Steam generators for supplying superheated steam are known in the art. For example, U.S. Pat. No. 4,408,116 issued to Turner on Oct. 4, 1983 discloses a superheated steam generator with dual heating stages. A more recent steam generator design is illustrated in our prior patent U.S. Pat. No. 8,359.919 issued Jan. 22, 2013 and entitled “Super Heated Steam Generator With Slack Accommodating Heating Tanks,” that is owned by the same assignee as in this case.
There are currently several different forms of steam injection technology for oil recovery. The two primary prior art methods are “Cyclic Steam Stimulation” and “Steam Flooding.” The “Cyclic Steam Stimulation” method, also known as the “Huff and Puff” method, consists of injection, soaking, and production stages. Steam is first injected to heat the oil in the reservoir to raise the temperature and lower the oil viscosity, thereby enhancing fluid flow. Injected steam may be left in the well for periods of time for soaking and diffusion of the steam into the well environment. Subsequently, oil is extracted from the treated well, at first by natural flow (since the steam injection will have increased the reservoir pressure) and then by artificial lift. Production decreases as the oil/steam mixture cools, necessitating repetition of the steam injection steps. The “huff and puff” method thus injects steam in periodic cycles, applying periodic “puffs” of steam between periodic soaking periods, during which the steam generator apparatus recharges and accumulates another volume of steam for subsequent injection. The “huff and puff” process is most effective in the first few steam cycles. However, it is typically only able to recover approximately 20% of the Original Oil in Place (OOIP), compared to steam flooding, which has been reported to recover over 50% of OOIP.
Steam flooding involves multiple wells. Some wells are used as steam injection wells, and others are used for oil production. Two mechanisms are at work to improve the amount of oil recovered. The first is to heat the oil to higher temperatures and to thereby decrease its viscosity so that it flows more easily through the formation toward the producing wells. A second mechanism is the physical displacement of oil in a manner similar to water flooding, in which oil is meant to be pushed to the production wells. While more steam is needed for this method than for cyclic steam simulation methods, it is typically more effective at recovering a larger portion of the oil.

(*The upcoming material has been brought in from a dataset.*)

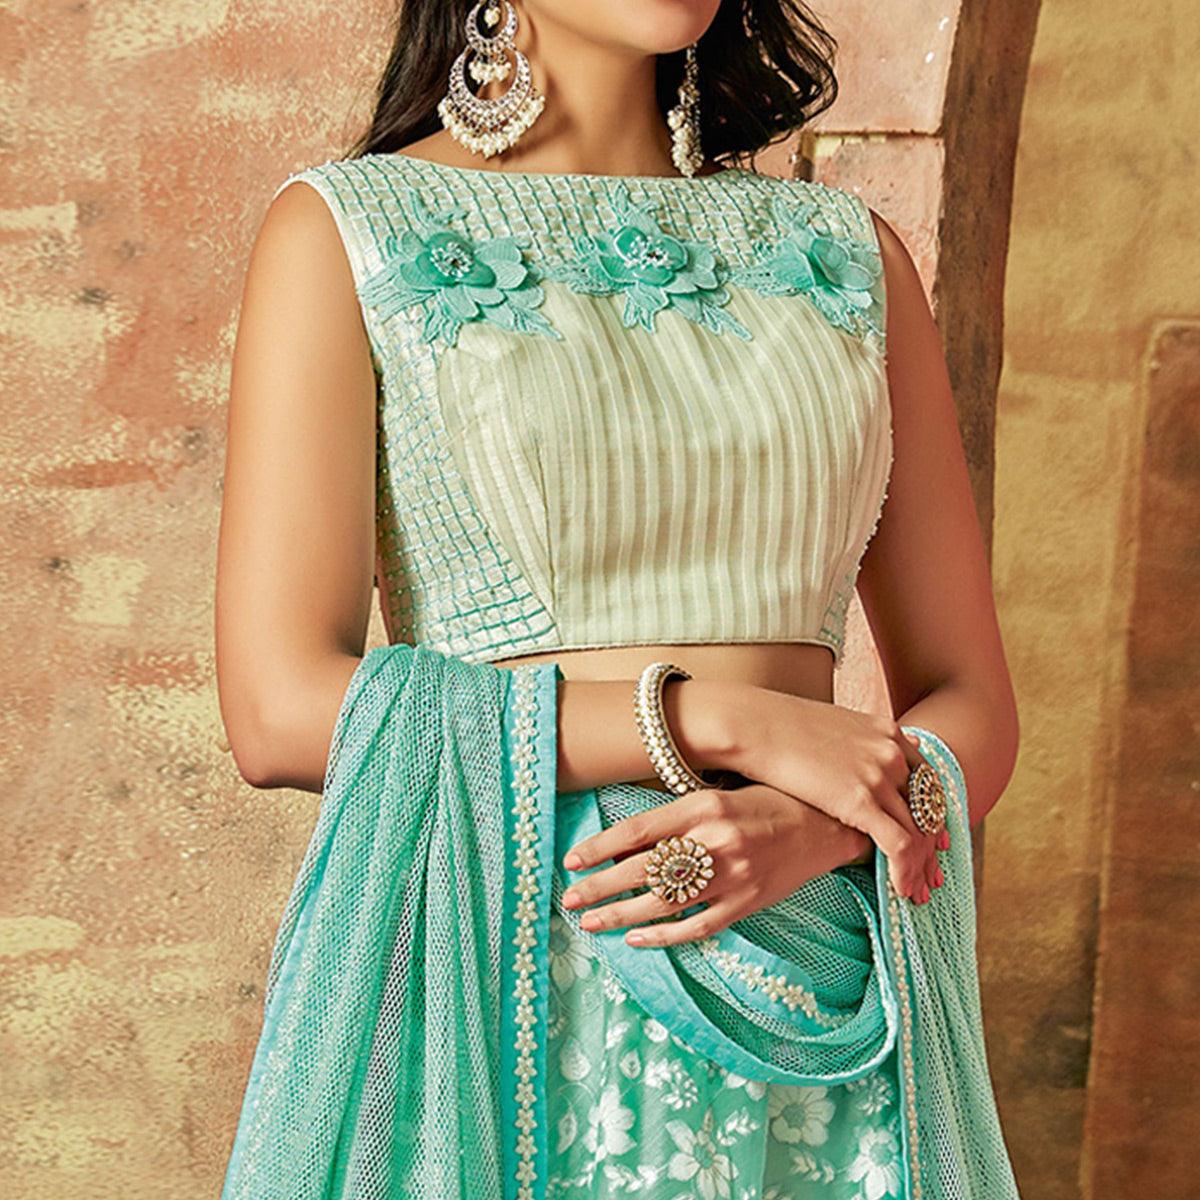 Excellent Sea Green Colored Partywear Embroidered Tissue Lehenga Choli - Peachmode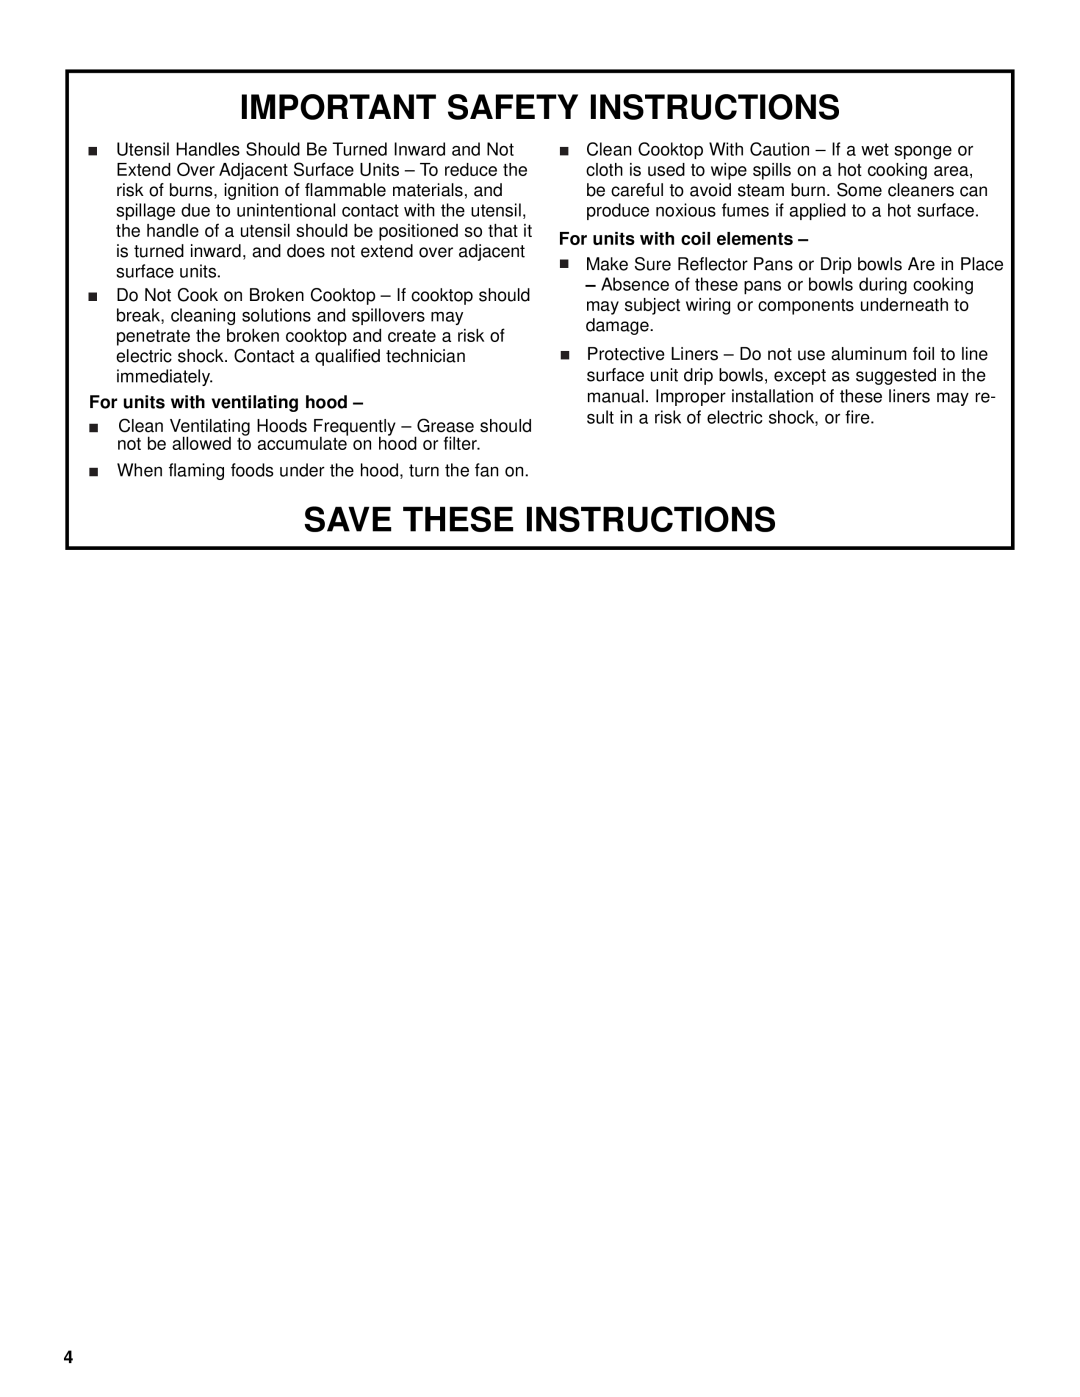 Whirlpool RCS2002 manual For units with ventilating hood, For units with coil elements, Important Safety Instructions

A form of steam flooding termed “steam assisted gravity drainage”, abbreviated “SAGD,” utilizes multiple, spaced apart, horizontal wells. Steam is injected into the upper SAGD well in an effort to reduce the viscosity of the oil deposits to the point where gravity will pull the oil into the producing well.
However, it has become evident to us that, for maximum crude oil recovery efficiency, superheated steam can be injected concurrently with the extraction operation in a single well. In this manner, time delays are avoided, and additional energy is available through the large number of degrees of superheat (defined as the difference between the actual steam temperature and the saturation temperature at the delivery pressure). Thus the requirement of supplemental wells is obviated.